Customer Reviews for  'George B. McClellan and Civil War History: In the Shadow of Grant and Sherman'
 
"Little Mac": a reassessment
I am in two minds about this book. On the one hand: history has not been kind to "Little Mac", and it was about time somebody stood up for McClellan. Mr. Rowland has picked up the gauntlet. Lately, it seems to me, one can detect a bit of a trend towards that end. Mr. Rowland and other authors have reexamined and reassessed the General's personality and actions. Mr. Ethan S. Rafuse's book on McClellan ("McClellan's War") is another example of a fresh look at McClellan.
To do so and fly in the face of the "communis opinio" (the widely held view) of McClellan is in itself commendable.

On the other hand: I don't think that there is much purpose to this excercise. As I see it, and I'm pretty sure in that many other ACW scholars, buffs and aficionados, share this point of view, no matter how fresh or objective one tries to look at George Brinton McClellan, one reaches the same conclusions again and again: that the General was a deeply flawed man, to say the least, vain and boastful, and yet (or perhaps even because of this) also extremely cautious, highly insecure and frankly, paranoid. I've read of people, in his own time already, not just smart-mouth Americancivilwar book-reviewers like yours truly, referring to him as a crackpot. I even think it was Secretary of War Edwin M. Stanton. Well, we know that Secretary Stanton was no great friend of McClellan and that he was quite stern in his opinions about the Generals he had to deal with, but in this case his ususally hot-headed judgement is not necessarily a wrong one.

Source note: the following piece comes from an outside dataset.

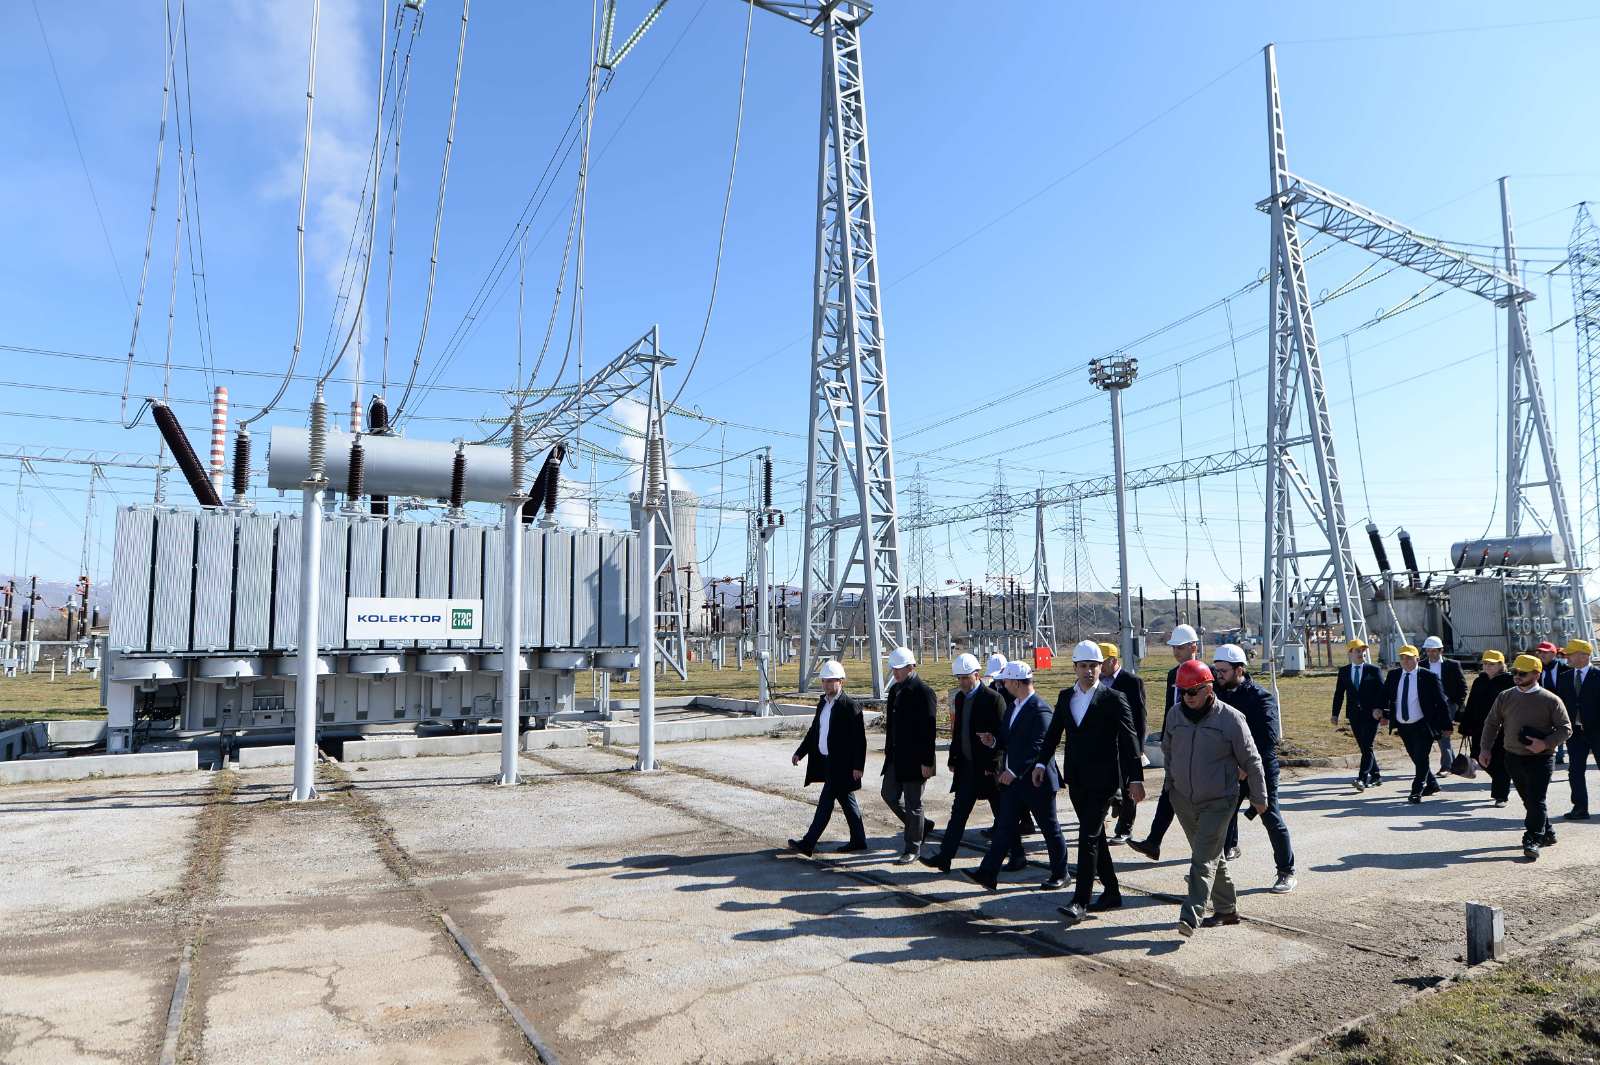 Регионот добива нова електроенергетска крстосница, започна изградбата на 400 kV  далекувод Битола -Елбасан

Is it time for some revisionist history concerning McClellan? Is this necessary? Are the commonly held views of McClellan subject to debate, are these views thought to be untrue, unjust, unfair or even unhistorical by a growing number of ACW scholars, students and buffs? No, of course they are not. Because the general view of McClellan is born out of something "Little Mac" himself so conspicuously lacked: common sense.

Major General George Brinton McClellan had it all when he was called to Washington in 1861. He had a towering reputation (which was undeserved, after his successfull but minor campaign in Western Virginia, but the Union was elated to have a military success at last), he was hailed as the savior of the Union and he was given command of the Union's most important field army. The President and the cabinet trusted him, deferred to his judgement and put themselves at his disposition in stead of the other way round. He soon succeeded in ousting Winfield Scott, the venerable US Army Chief, and became General in Chief of all Union armies. McClellan, catapulted into this position of enormous power, then started to believe the adulation and the flattery of the people, the press and the politicians himself. He seemed to need it more and more, because as his influence and power increased, so did his insecurities, his doubts, his paranoia and his unbalance.
Well, we don't need to make to much of McClellan's flaws, after all, who of is isn't flawed in some, or even many, ways. Mr. Rowland correctly makes that point. McClellan wasn't more or less flawed than Grant and or Sherman. The thing is, however, that Grant and Sherman overcame their flaws, faced their demons and learned to function adequately if not superbly in command.
McClellan did not succeed in ridding himself of his fears or in learning to control them, nor in curbing his insecurities and his paranoid tendencies, and as such he was definitely not the right man to command the Army of the Potomac in the field.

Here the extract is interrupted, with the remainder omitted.